In conclusione, un aspetto impegnativo degli studi sullo sviluppo è l'accesso a questi punti critici. Questo protocollo fornisce un metodo per visualizzare la morfogenesi che si verifica durante una specifica finestra temporale. La pipeline combina strumenti e tecniche esistenti per colpire geneticamente le popolazioni cellulari ed esprimere proteine fluorescenti mirate alla membrana. I preparati a montaggio piatto retinico acuto mantengono la vitalità e i segnali fluorescenti per l'imaging confocale a cellule vive per diverse ore. Gli aspetti transitori e dinamici dello sviluppo di dendrite sono catturati in video 3D e sono post-elaborati utilizzando software open source.

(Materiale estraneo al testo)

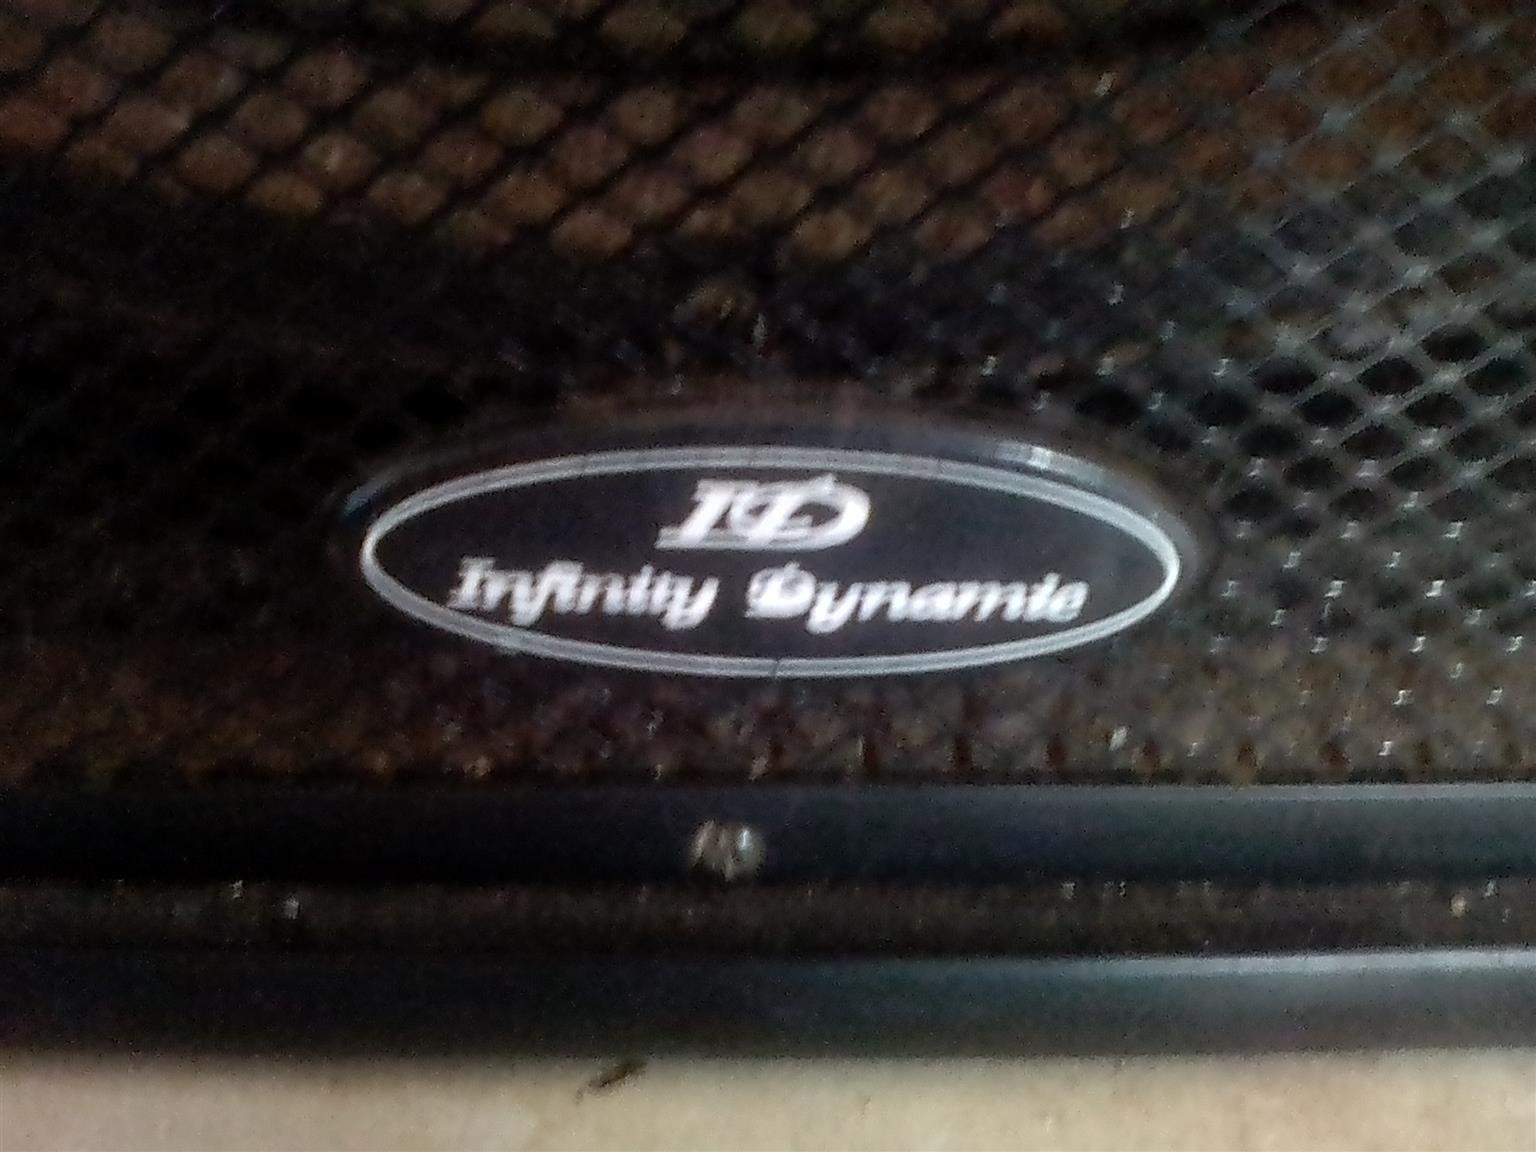 Infinity dynamics 15 speakers

La capacità di catturare video 3D ad alta risoluzione è essenziale per indagare i processi di sviluppo dinamico.

Gli autori non hanno nulla da rivelare.

Ringraziamo Madison Gray per avermi dato una mano quando non ne avevo. Questa ricerca è stata supportata da un NSERC Discovery Grant (RGPIN-2016-06128), una Sloan Fellowship in Neuroscience e una Canada Research Chair Tier 2 (a J.L.L). S. Ing-Esteves è stato supportato dal Vision Science Research Program e dal NSERC Postgraduate Scholarships-Doctorals.